Start of Supplied material

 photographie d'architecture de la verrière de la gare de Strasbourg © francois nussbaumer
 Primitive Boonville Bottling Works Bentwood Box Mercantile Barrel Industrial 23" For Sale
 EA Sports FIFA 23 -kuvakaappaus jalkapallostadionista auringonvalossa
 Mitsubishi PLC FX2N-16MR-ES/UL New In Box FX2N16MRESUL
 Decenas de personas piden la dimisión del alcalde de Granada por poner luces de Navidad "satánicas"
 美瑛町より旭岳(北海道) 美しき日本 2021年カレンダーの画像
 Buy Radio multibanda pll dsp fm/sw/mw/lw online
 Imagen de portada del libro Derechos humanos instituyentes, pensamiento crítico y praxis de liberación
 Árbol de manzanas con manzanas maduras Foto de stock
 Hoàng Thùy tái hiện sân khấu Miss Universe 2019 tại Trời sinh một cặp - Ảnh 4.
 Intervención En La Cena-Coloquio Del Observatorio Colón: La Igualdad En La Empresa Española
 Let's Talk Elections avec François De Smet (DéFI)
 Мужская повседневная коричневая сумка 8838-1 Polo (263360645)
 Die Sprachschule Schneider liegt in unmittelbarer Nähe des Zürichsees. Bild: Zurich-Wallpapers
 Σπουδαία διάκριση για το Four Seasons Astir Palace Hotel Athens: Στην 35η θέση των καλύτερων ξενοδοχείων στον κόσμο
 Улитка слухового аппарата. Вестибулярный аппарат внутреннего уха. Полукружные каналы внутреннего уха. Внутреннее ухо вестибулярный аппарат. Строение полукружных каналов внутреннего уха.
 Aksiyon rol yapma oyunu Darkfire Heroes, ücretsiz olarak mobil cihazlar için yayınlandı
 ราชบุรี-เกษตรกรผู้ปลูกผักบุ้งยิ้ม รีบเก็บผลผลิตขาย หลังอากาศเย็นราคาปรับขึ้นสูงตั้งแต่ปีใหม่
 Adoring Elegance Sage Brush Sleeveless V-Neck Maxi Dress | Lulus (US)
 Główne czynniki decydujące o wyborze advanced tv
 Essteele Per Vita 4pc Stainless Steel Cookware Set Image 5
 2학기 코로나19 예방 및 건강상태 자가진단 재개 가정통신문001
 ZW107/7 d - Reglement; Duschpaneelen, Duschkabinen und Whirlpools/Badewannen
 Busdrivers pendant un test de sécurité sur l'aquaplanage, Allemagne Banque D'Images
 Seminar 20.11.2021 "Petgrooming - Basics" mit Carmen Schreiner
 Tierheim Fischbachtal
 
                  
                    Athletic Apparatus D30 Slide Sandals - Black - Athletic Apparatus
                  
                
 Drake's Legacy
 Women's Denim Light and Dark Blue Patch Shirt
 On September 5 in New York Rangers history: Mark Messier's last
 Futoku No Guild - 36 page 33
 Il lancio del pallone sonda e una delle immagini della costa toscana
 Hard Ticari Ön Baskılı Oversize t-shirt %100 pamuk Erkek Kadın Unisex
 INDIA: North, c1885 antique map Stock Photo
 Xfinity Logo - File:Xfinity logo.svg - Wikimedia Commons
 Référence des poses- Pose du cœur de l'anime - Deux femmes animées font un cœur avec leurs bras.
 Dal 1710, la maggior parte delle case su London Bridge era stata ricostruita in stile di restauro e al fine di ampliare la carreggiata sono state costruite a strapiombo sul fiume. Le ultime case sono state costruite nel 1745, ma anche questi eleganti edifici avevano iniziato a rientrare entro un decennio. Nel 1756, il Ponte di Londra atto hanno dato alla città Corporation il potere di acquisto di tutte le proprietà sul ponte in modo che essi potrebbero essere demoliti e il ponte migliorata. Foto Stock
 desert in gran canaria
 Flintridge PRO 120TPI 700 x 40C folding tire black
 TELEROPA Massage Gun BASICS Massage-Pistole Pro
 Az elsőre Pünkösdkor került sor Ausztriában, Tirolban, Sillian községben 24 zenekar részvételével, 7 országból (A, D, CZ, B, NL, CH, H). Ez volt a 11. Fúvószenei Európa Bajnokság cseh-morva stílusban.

End of Supplied material

- What you are asked to do
Exact copies of the lines from the one containing "Athletic Apparatus D30" through the final line of the records are all the answer should hold.

- Finished exercise
                    Athletic Apparatus D30 Slide Sandals - Black - Athletic Apparatus
                  
                
 Drake's Legacy
 Women's Denim Light and Dark Blue Patch Shirt
 On September 5 in New York Rangers history: Mark Messier's last
 Futoku No Guild - 36 page 33
 Il lancio del pallone sonda e una delle immagini della costa toscana
 Hard Ticari Ön Baskılı Oversize t-shirt %100 pamuk Erkek Kadın Unisex
 INDIA: North, c1885 antique map Stock Photo
 Xfinity Logo - File:Xfinity logo.svg - Wikimedia Commons
 Référence des poses- Pose du cœur de l'anime - Deux femmes animées font un cœur avec leurs bras.
 Dal 1710, la maggior parte delle case su London Bridge era stata ricostruita in stile di restauro e al fine di ampliare la carreggiata sono state costruite a strapiombo sul fiume. Le ultime case sono state costruite nel 1745, ma anche questi eleganti edifici avevano iniziato a rientrare entro un decennio. Nel 1756, il Ponte di Londra atto hanno dato alla città Corporation il potere di acquisto di tutte le proprietà sul ponte in modo che essi potrebbero essere demoliti e il ponte migliorata. Foto Stock
 desert in gran canaria
 Flintridge PRO 120TPI 700 x 40C folding tire black
 TELEROPA Massage Gun BASICS Massage-Pistole Pro
 Az elsőre Pünkösdkor került sor Ausztriában, Tirolban, Sillian községben 24 zenekar részvételével, 7 országból (A, D, CZ, B, NL, CH, H). Ez volt a 11. Fúvószenei Európa Bajnokság cseh-morva stílusban.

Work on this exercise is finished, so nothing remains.